A wide variety of elongated medical instruments are currently available that are adapted to be permanently or temporarily implanted in the mammalian body, usually the body of a human patient, or used to access a site in the body to facilitate introduction of a further implantable medical device or delivery of a therapeutic or diagnostic agent. Such elongated medical instruments have an instrument body extending between instrument body proximal and distal ends, and a distal segment of the instrument body is advanced to a remote site in the body.

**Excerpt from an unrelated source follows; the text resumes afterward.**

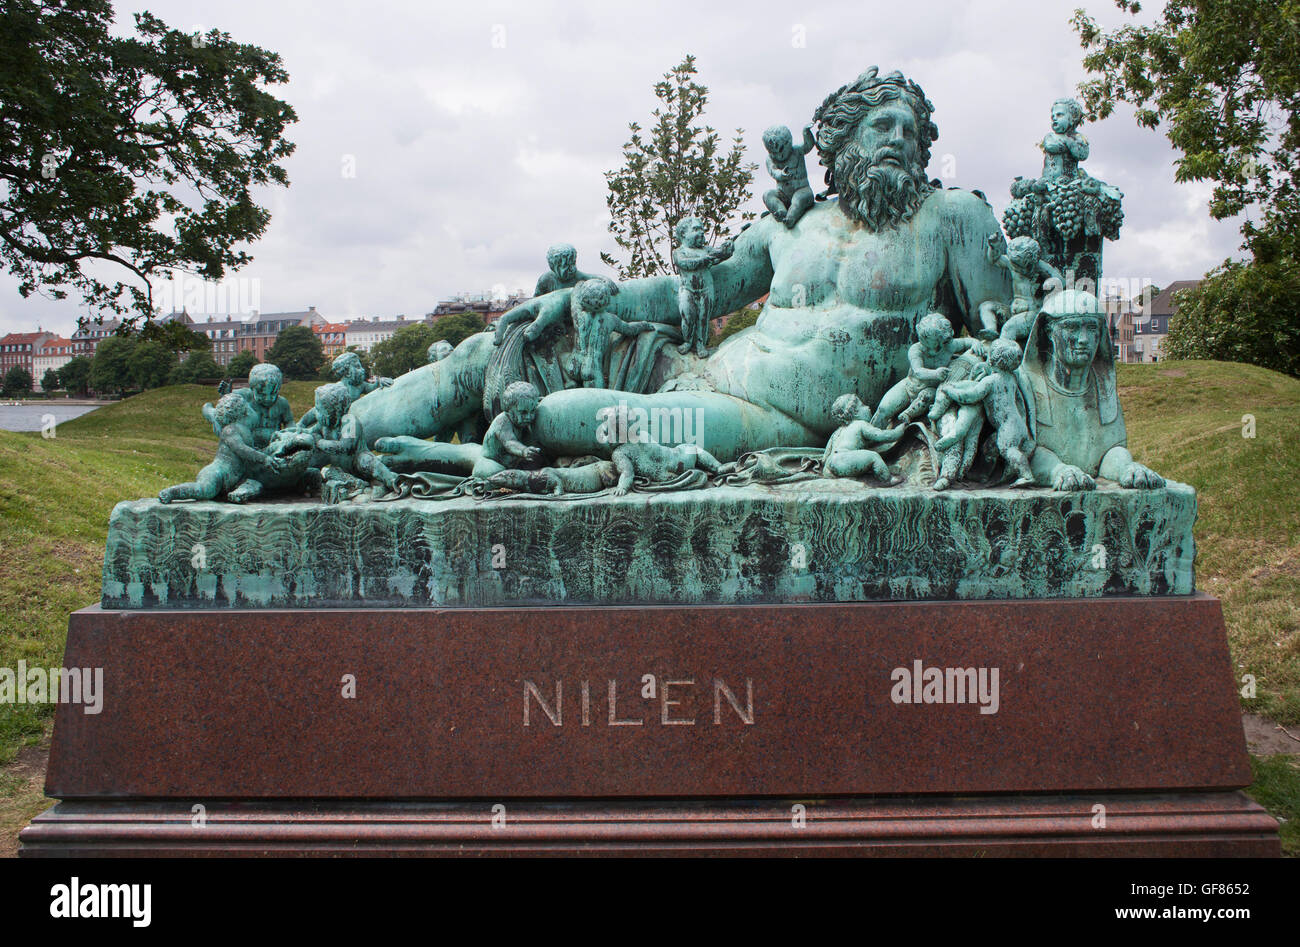 Nilen Mythology statue in Copenhagen Denmark Stock Photo

In many cases, the introduction of such elongated medical instruments to a remote site in the body is effected through a skin incision accessing an incision into a blood vessel, whereby the instrument body is advanced through a pathway until the distal segment or the instrument body distal end are located at the remote site. Such advancement is often through a tortuous pathway having twists and turns requiring the capability to impart a curve or deflect the instrument body distal end to facilitate advancement. Therefore, the introduction of such elongated medical instruments through vascular pathways or other tortuous pathways in the body is facilitated by a wide variety of techniques and mechanisms that have been developed to impart curves in the distal segment of the instrument body or to deflect or steer the instrument body distal end.
There is still a perceived need for a steerable stylet having a small diameter stylet body that is simple and inexpensive to manufacture, resists kinking, and that can be manipulated to control the deflection of and impart a bend in a distal segment of the stylet body that is more acute.